More specifically, the Guide has a number of duties they have to fulfill in their role. Their first duty is to Brief The Team. At the start of every adventure, the Guide should tell the players something about the town they’re headed to, the Monster they’re hunting, and the stakes at risk. Guides don’t have to tell the players everything, just enough to get the players excited and invested in the adventure. Tell them some fantastical detail about the town, some magnificent power the Monster has, and some terrible outcome that might arise if the Monster’s pain isn’t soothed. Be bold!

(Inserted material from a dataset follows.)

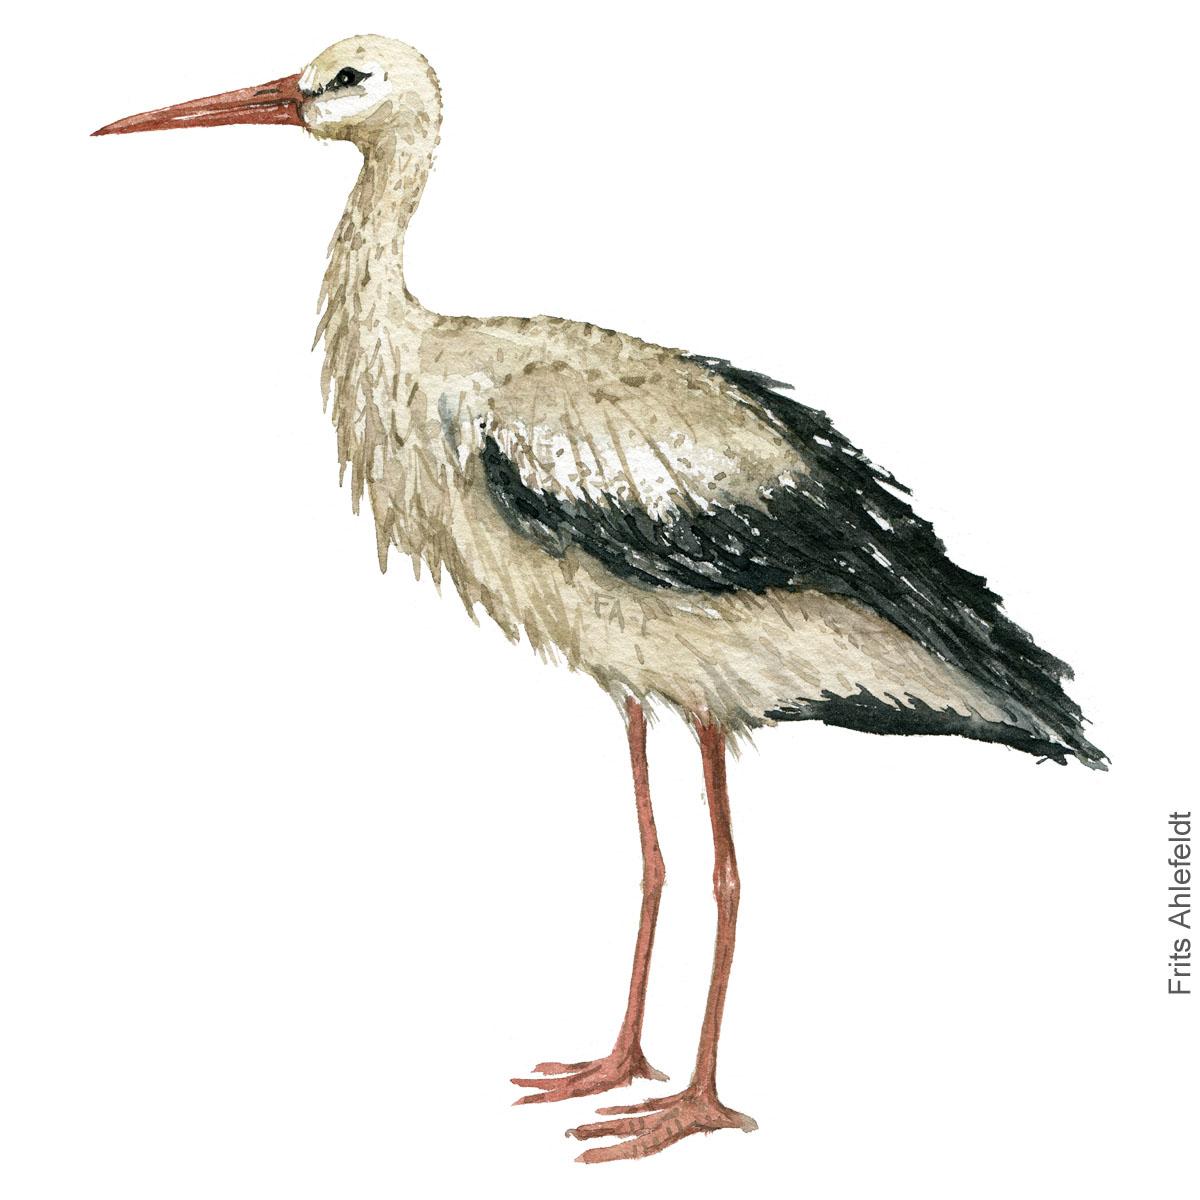 White stork, hvid stork akvarel. Watercolor painting by Frits Ahlefeldt

An older shirtless, dark skinned non-binary person with long white hair and many strange features laughs while smoking their pipe. Their body is covered in scars.

Next, the Guide has a duty to Set The Scene. Whenever the party enters a new place, or the world shifts in some fundamental way around them, tell them what they see, what they hear, what they smell. This can be as detailed and in depth as you like, or it can be a basic one-line description; it depends on the scene. Use the information they have to tease what’s to come, and to inspire action from the players—it’s always a good idea to begin a scene with something the players can act upon immediately, such as an irate shopkeeper yelling at someone, or a falling stalactite on the ceiling above. Inspiring the players to act is almost entirely what the Guide’s job is, so doing that as often as possible is important.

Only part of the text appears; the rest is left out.